Many traditional computer vision algorithms have been proposed in the plankton classification. Tang et al. [1] used several new shape descriptors and a normalized multilevel dominant eigenvector estimation method to select the best feature set from the binary plankton image, which achieved a 91% accuracy. Li et al. [2] proposed a pairwise nonparametric discriminant analysis for binary plankton image recognition, adding discriminant information to the classifier to achieve a 95.06% accuracy. Although these traditional algorithms can achieve high accuracy in the small dataset (3000 images including 7 different species), they are limited in time and accuracy on a large-scale dataset.

Since 2012, CNN [3] has achieved great success in a variety of visual tasks [47], which was also introduced in large-scale plankton recognition tasks. Li et al. [8] applied the deep residual network on the Plankton dataset, which is only a simple application. Ouyang et al. [9] proposed a particularly complex CNN framework with pyramid features architecture and compared entropy loss with other baseline models. However, the final accuracy of the proposed method has not been mentioned. On the one hand, for the case of underwater plankton observation, a tiny model is essential for the usage of mobile devices with limited chip storage space and computing power. But, on the other hand, deep models mentioned above are memory intensive and time-consuming. In addition, the deep convolutional neural network has not been well utilized in the field of underwater plankton recognition which motivated us to revisit plankton classification problem.

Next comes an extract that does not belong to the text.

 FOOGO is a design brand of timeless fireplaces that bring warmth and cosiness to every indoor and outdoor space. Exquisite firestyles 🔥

In this paper, we propose a new network based on the attention mechanism to address the plankton classification problem for submarine observation. Group convolution was applied into our network in order to tradeoff between representation capability and computational cost. The number of convolution groups not only affects the size and speed of the model but also affects the accuracy of the result. To meet the needs of processing the large-scale plankton dataset, our experiments are based on the Plankton dataset [10] used by the National Data Science Bowl, a data science competition hosted on the Kaggle platform. This dataset consists of 30336 images, including 121 species of plankton. We find the optimal number of groups by a sequence of experiments. Using the attention mechanism, the network feature extraction capabilities are enhanced. Finally, our model has achieved a top-1 accuracy of 76.5333% and top-5 accuracy of 96.2666% in a small mode size of 648 kB and an inference time of 31.8 ms, which satisfy the need of low storage space and real-time classification on mobile devices.

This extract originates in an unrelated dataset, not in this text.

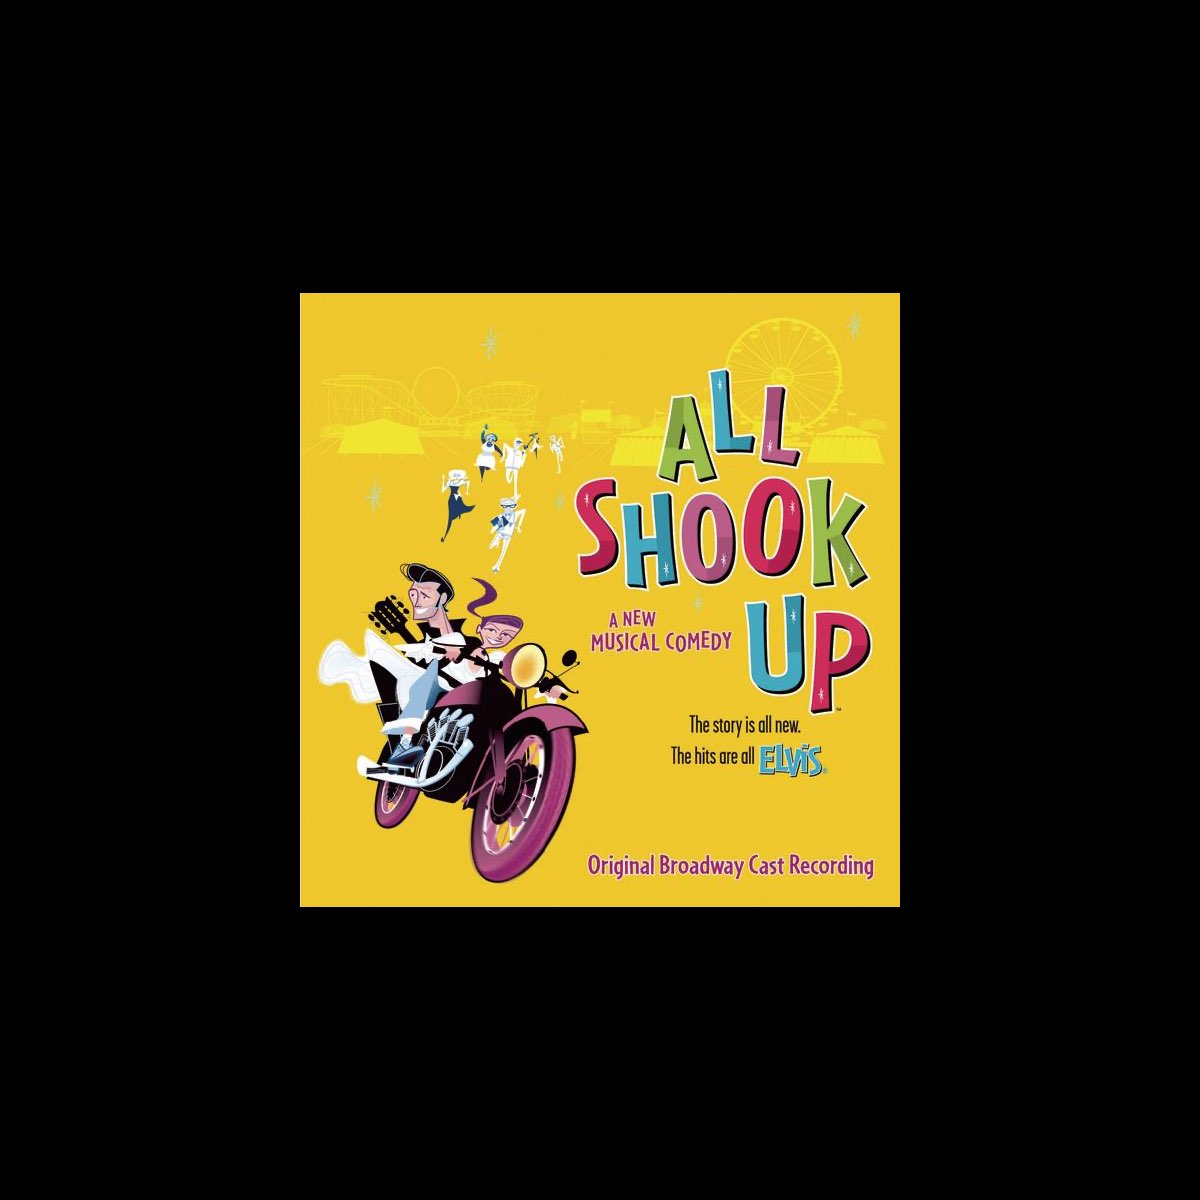 All Shook Up By Original Broadway Cast Of All Shook Up On Apple Music

The main contributions of this paper are as follows:(i)We introduce a reduction module into our network to decrease information loss caused by pooling operation so as to improve the accuracy of the plankton classification task.(ii)The group convolution is considered in the network to achieve model compression and multibranch fusion showing 4.0% improvement of top-1 accuracy when model size is 648 kB. In addition, the process of obtaining the optimal groups of group convolution for the accuracy/size tradeoff is explained in detail.(iii)A parameter-free attention operation is proposed and 1.4% improvement of top-1 accuracy for the 648 kB model size is achieved.

The rest of the paper is organized as follows. Section 2 presents works related to efficient networks and attention mechanism. Section 3 gives the whole network architectures and describes the three main parts of the model: reduction module, group convolution operation, and self-attention module. Section 4 shows the evaluation on plankton dataset and the details of the parameter design exploration. Finally, the paper closes with conclusions in Section 5.

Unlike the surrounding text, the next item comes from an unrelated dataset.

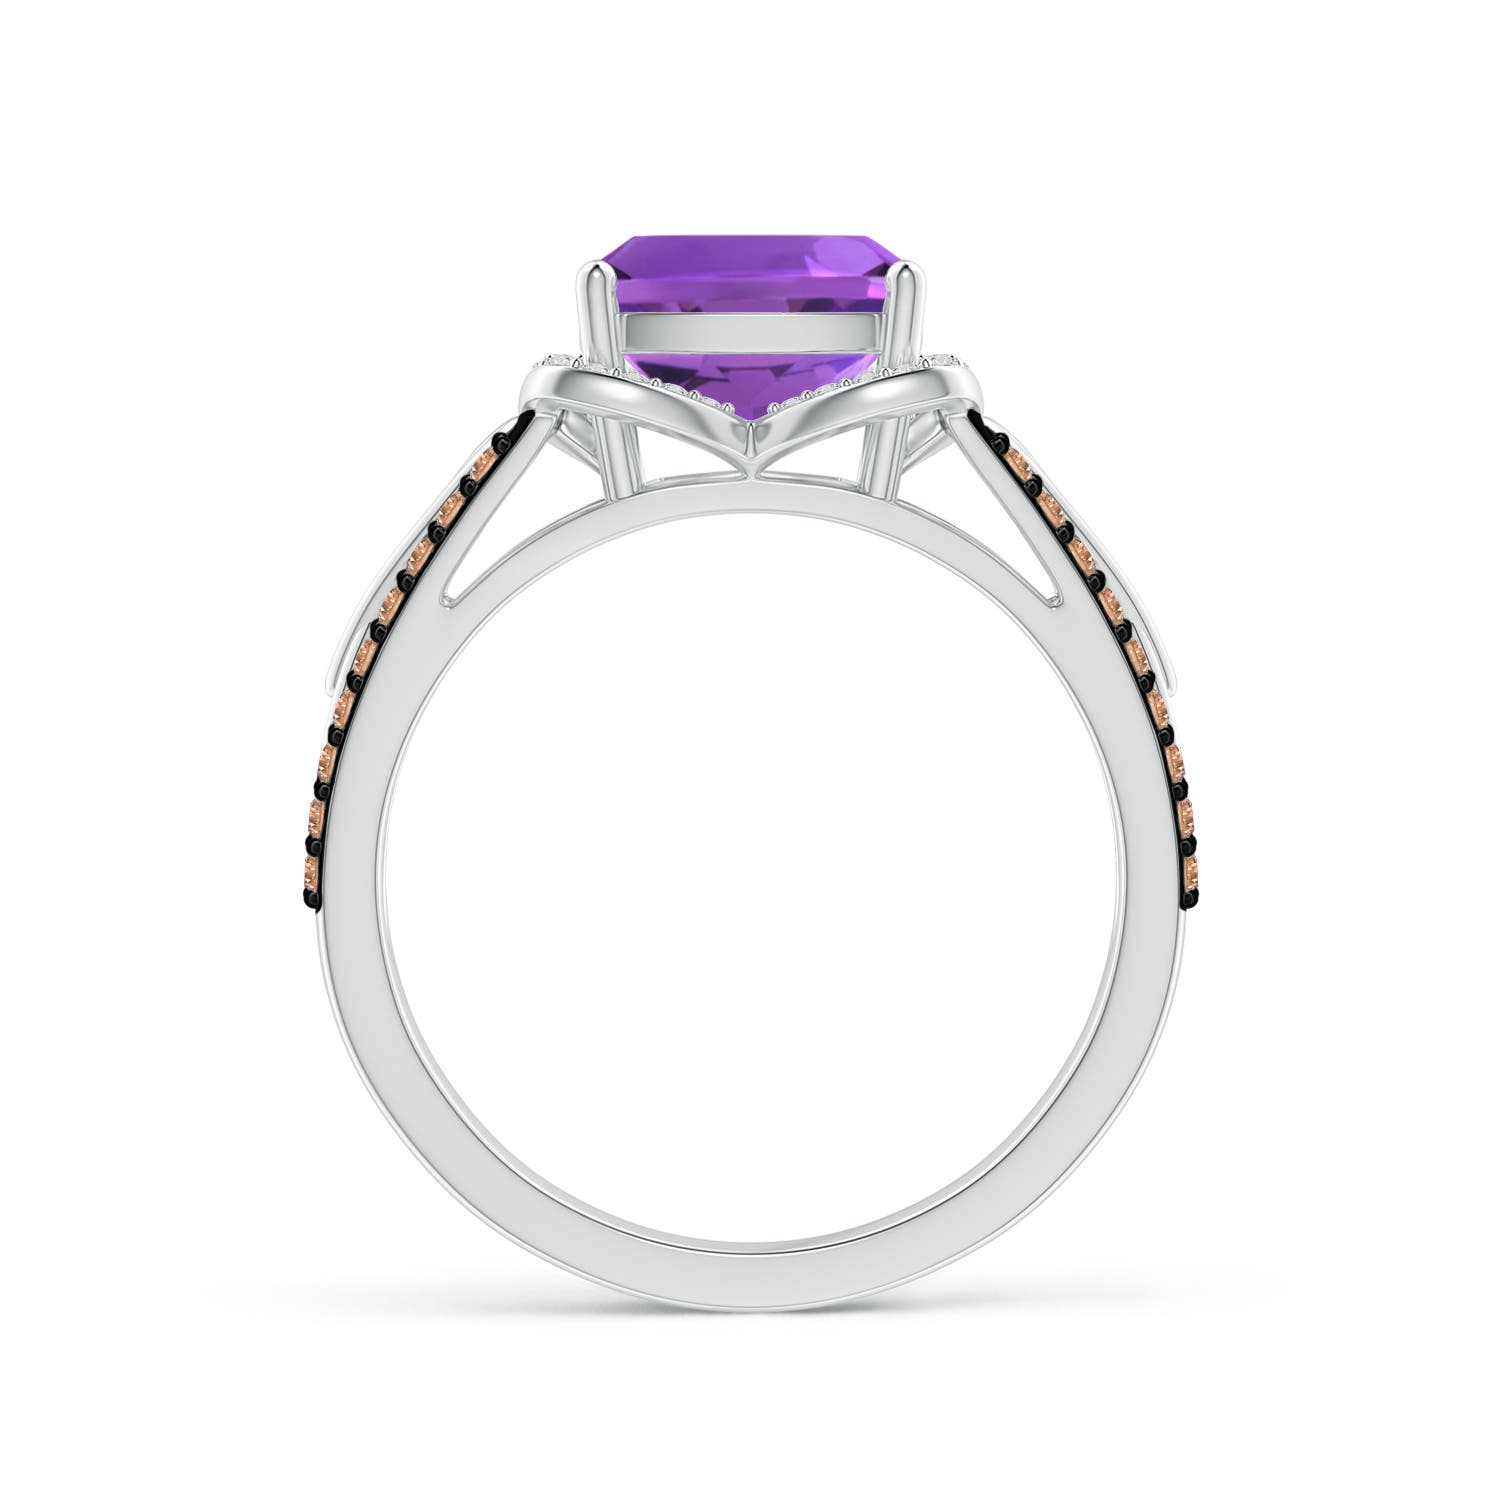 AAA - Amethyst / 2.6 CT / 14 KT White Gold

2.1. Development of Efficient Networks

To improve the recognition accuracy, deep models become deeper and wider, which requires large chip storage space and computing cost. However, for mobile applications, under the premise that the accuracy is satisfied, a deep model with small size and low running time is necessary. Therefore, many researchers have shifted their attention to reduce the model size and improve the model efficiency.

Model compression is one of the methods to realize efficient networks. The singular value decomposition algorithm is used for pretrained models to speed up the test-time evaluation of large convolutional networks in [11]. Network pruning [12] replaces the parameters under a certain threshold with 0 and then tunes them within a few iterations. The channels of CNN models can also be pruned to reduce computation [13]. The deep compression [14] combines network pruning with quantization and Huffman encoding which can compress the model significantly.

In addition to apply the model compression to the pretrained models, we can also design a tiny and efficient network from the primary stage. Researchers [1518] use 1 × 1 kernel to limit the input channels of large kernels which reduces model parameters and computational cost. This approach has been widely used in the recent literatures [19, 20]. SqueezeNet [21] reduces parameters and computation significantly while maintaining AlexNet-level accuracy. SENet [22] introduces an architectural unit that boosts performance at slight computation cost. Group convolution can prune the redundant connections by dividing channels into groups. In this direction, some research work has been done, e.g., see [23, 24]. The so-called MobileNet approach proposed in [25] utilizes the depthwise separable convolutions. This approach gains state-of-the-art results among lightweight models.

2.2. Attention Mechanism

The human perception process [26] shows the significance of the attention mechanism. The mechanism gets the focus area by fast scanning the global picture. The Residual Attention Network introduced in [27] is a convolutional network that adopts the mixed attention mechanism in very deep structure achieving very high classification accuracy in the image classification task. The nonlocal neural network method presented in [28] shows a high performance in the video classification task by the use of the self-attention mechanism. Global context attention is widely used in the semantic segmentation area. DFN [29] embeds the global average pooling branch in the top to extend the U-shape architecture. EncNet [30] introduces an encoding layer with a SENet-like module to capture encoded semantics and predict scaling factors that are conditional on these encoded semantics. Inspired by abovementioned work, we applied the attention mechanism in our work.

3. Proposed Approach

In this section, we introduce the reduction module and group convolution operation which is meant to reduce the model parameters and improve the efficiency. Then, the self-attention module is given to improve the feature learning ability. The entire architectures along with the effectiveness proof of network architecture design come in the end of this section.

3.1. Reduction Module

Pooling operation is indispensable in the image classification task. It makes the network invariant for translation but leads to a serious information loss. Inspired by Inception V3 [17], we apply the reduction module to avoid the representational bottleneck.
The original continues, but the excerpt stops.